Copy out all the lines of the data precisely, omitting any pictures.

DATA BLOCK
--

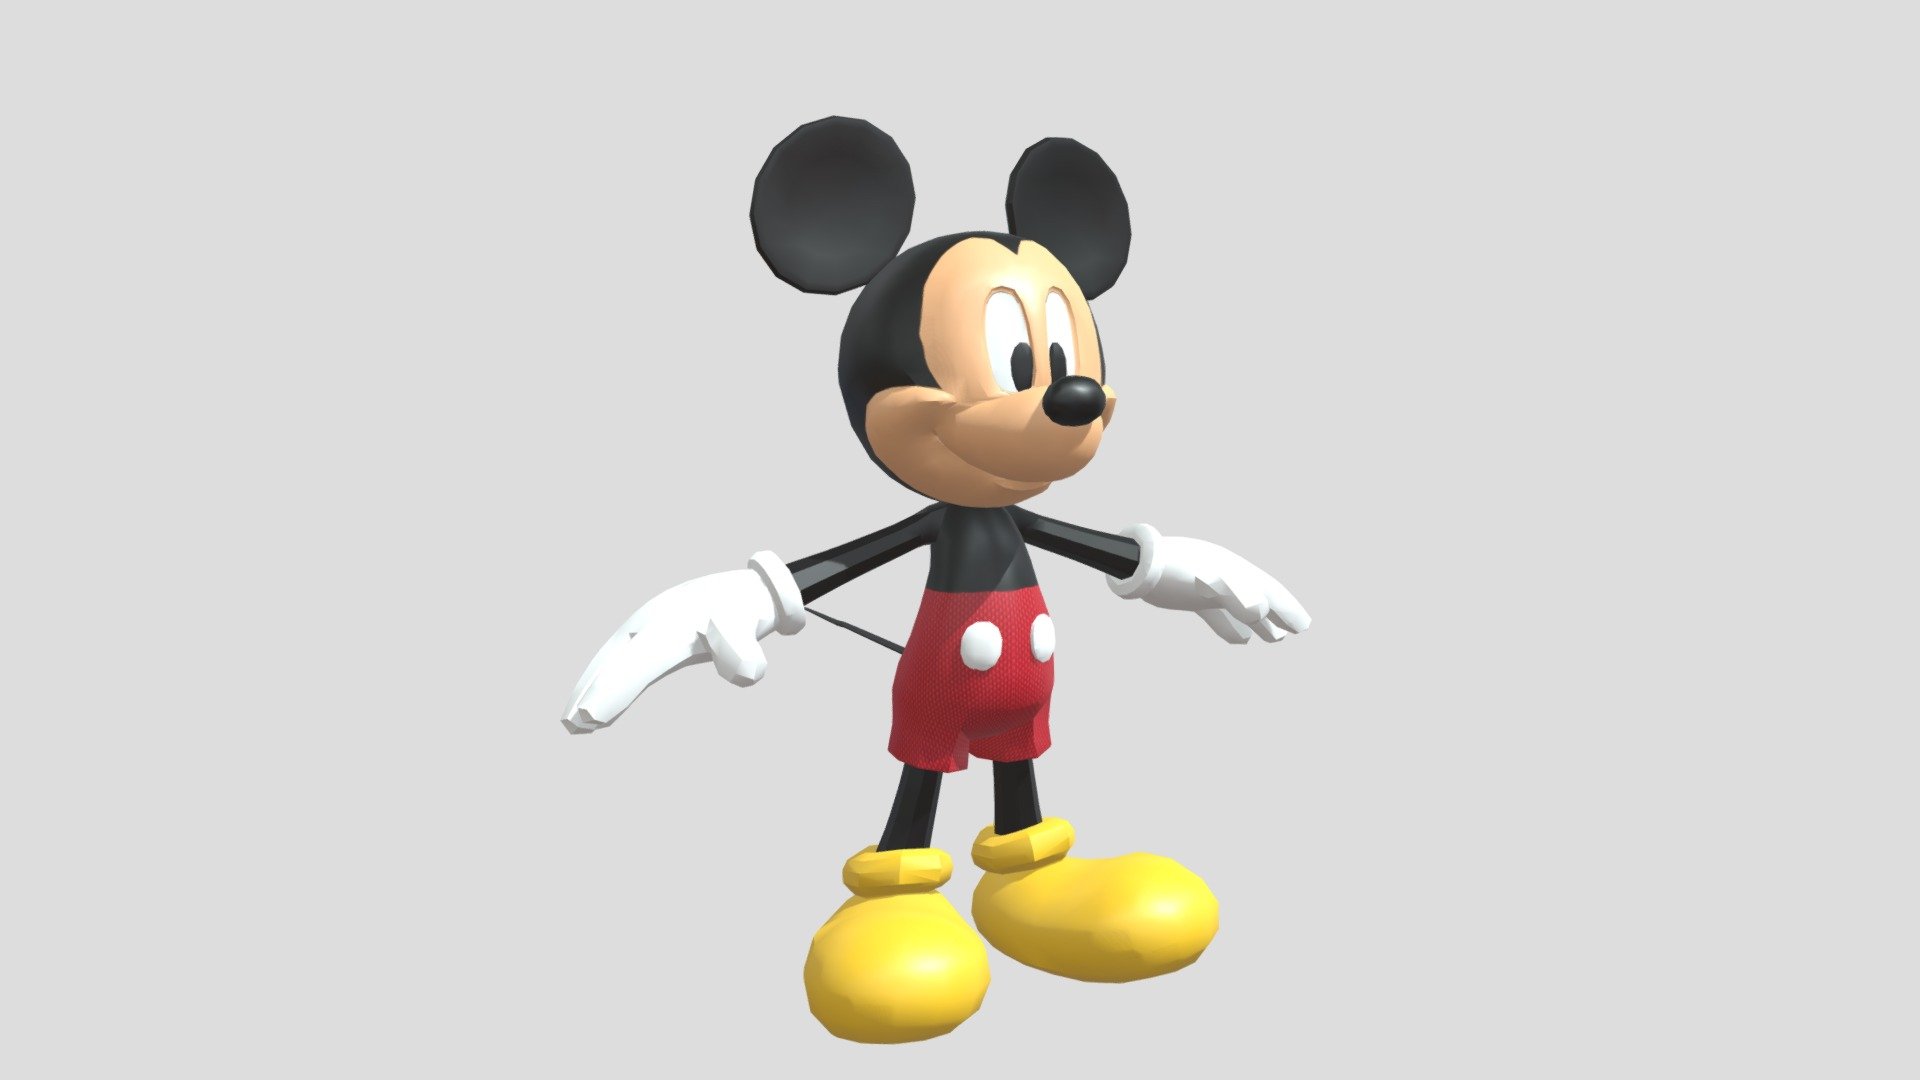 I did not spend alot of time with this model. The texture was the only time consuming part as the original textures in the Mickey model that is part of the show did not have shading. 

(A rendered image in 4K resolution from Prisma 3D before it was imported here.)

(Another render in 4k resolution in a different pose.)
I have resumed commenting on this model mainly because I really needed to calm down 3d model

--

ANSWER TO THE EXERCISE
 I did not spend alot of time with this model. The texture was the only time consuming part as the original textures in the Mickey model that is part of the show did not have shading. 

(A rendered image in 4K resolution from Prisma 3D before it was imported here.)

(Another render in 4k resolution in a different pose.)
I have resumed commenting on this model mainly because I really needed to calm down 3d model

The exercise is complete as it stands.